El rodadero de los lobosJesús Cabrera

Caracoles, listos, ¡ya!

«El caracol en caldito requiere de una protección de sus rúbricas para evitar que con el paso del tiempo se vayan diluyendo en el relativismo que nos devora»

Actualizada 05:05

Hubo una vez un político cordobés que en un viaje a Vitoria le pusieron delante un suculento plato de caracoles en salsa.

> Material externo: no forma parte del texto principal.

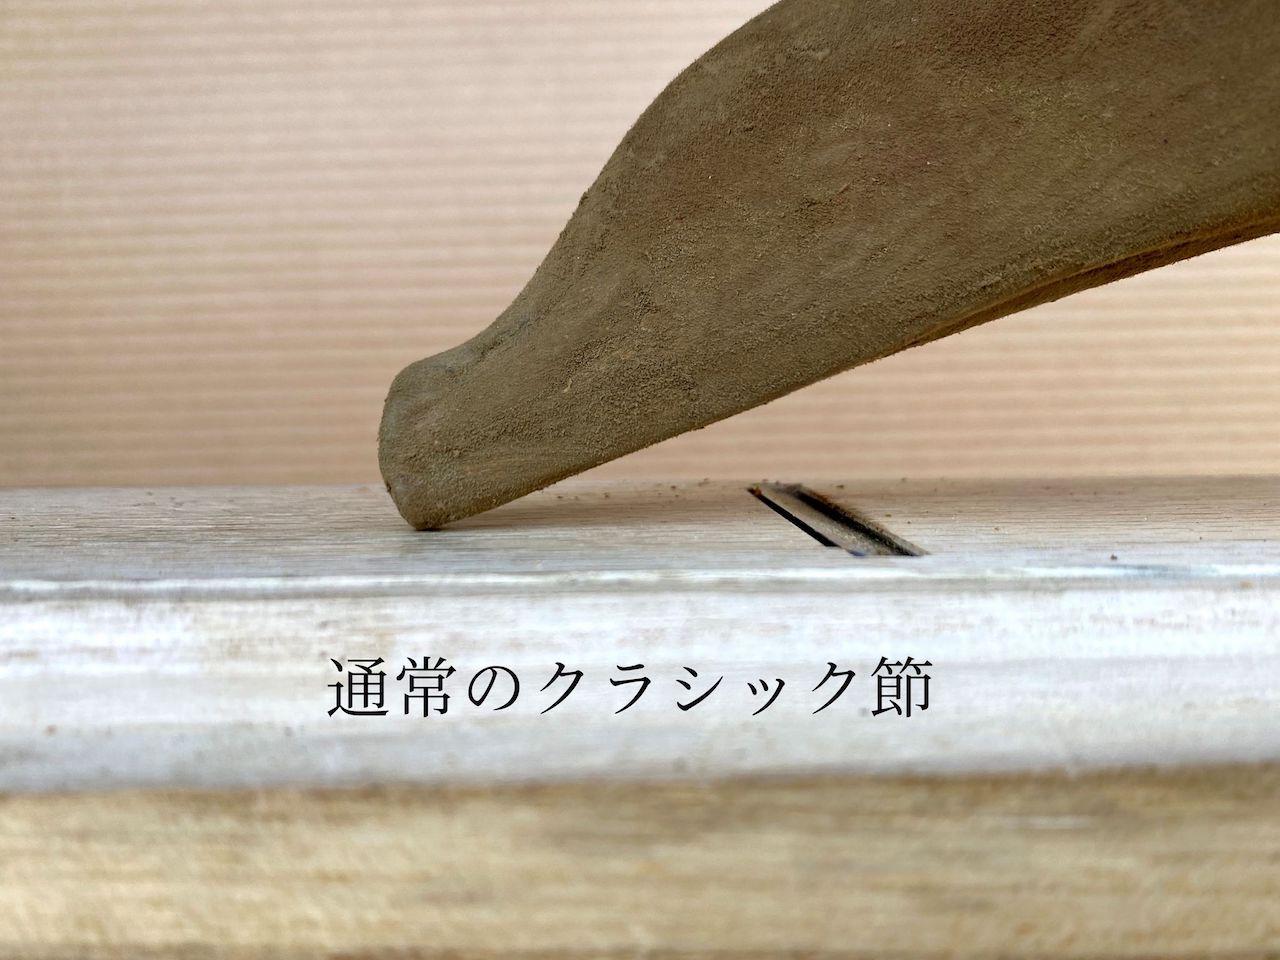 《New》 本枯節CLASSIC-BUSHI  【斬】 ー 男節・女節 2本入り (大) ー 【遠洋一本釣り鰹使用】

Para agradar al anfitrión soltó que «en Córdoba los tomamos con ‘cardito’». El vasco, muy pagado de sí, no podía consentir semejante afrenta gastronómica a esa delicia culinaria. «Aquí no le echamos verduras», respondió seco y tajante, con un punto desagradable, sin reparar en que su interlocutor se refería al caldito sabroso y picante que es la esencia misma de nuestros caracoles, y que lo había pronunciado con acento cordobés del mismo modo que él hablaba con acento vascuence.
En esta semana en la que la Cofradía Gastronómica del Rabo de Toro ha presentado su extenso programa de actividades anuales, ha pedido una calle para este guiso, y a la vez ha comenzado el montaje de los puestos de caracoles en distintos puntos de la ciudad, no sería de extrañar que alguien capitaneara un movimiento reivindicativo en favor del caracol con caldito, como seña de identidad autóctona, como hecho diferencial que aún no ha merecido los honores del rabo de toro o el salmorejo.
Vaso de caracoles en caldo

Vaso de caracoles en caldoLa Voz

Es verdad que la lista de espera sería extensa. Como se den salida a todos pronto contaremos con una Agrupación de Cofradías Gastronómicas que representarán también al flamenquín, al perol de arroz y, por qué no, a los caracoles en caldito. Faltarán la mazamorra y el gazpacho de jeringuilla, pero todo se andará con el tiempo.
En estas fechas en las que los chinos con negocios en Córdoba, sin saber cómo, ven volar sus existencias de mondadientes, la faz de la ciudad cambia por completo. Un vaso de caracoles se puede tomar en cualquier sitio, faltaría más, pero el rito fija una serie de condiciones que hay que cumplir.
Caracoles se comen en muchos lugares de España, pero en la calle, guisados a la intemperie, en unos puestos de temporada que se montan y desmontan como si aquí no hubiera pasado nada, es algo que sólo se da en Córdoba. Lo mismo pasa con el perol. Uno puede organizar un arroz con amigos, pero no es lo mismo tomarlo en un pisito de Fidiana que en Los Villares o en una parcela de Los Mochos.
Por esto, el caracol en caldito requiere también de una protección de sus rúbricas para evitar que con el paso del tiempo se vayan diluyendo en el relativismo que nos devora y dentro de unos años no haya quien conozca esta vieja y singular tradición de gastronomía urbana.
Aunque cada año aparezcan recetas nuevas, curiosamente casi todas basadas en sabores internacionales -carbonara, kebab, texmex-, todo lo que envuelve al caracol con caldo hay que mimarlo para que no desaparezca, como el vaso de Duralex -modelo Gigogne, para los curiosos-, los mondadientes siempre de dos puntas o el barreñito de plástico, celeste a ser posible, para que al soltar las conchas vacías suene como tiene que sonar. Ah, y esto es fundamental: la mesa, siempre de acero inoxidable, tiene que estar limpia y despejada, sin aditamentos extraños. El día que en un puesto de caracoles pongan manteles individuales nos habremos cargado el invento.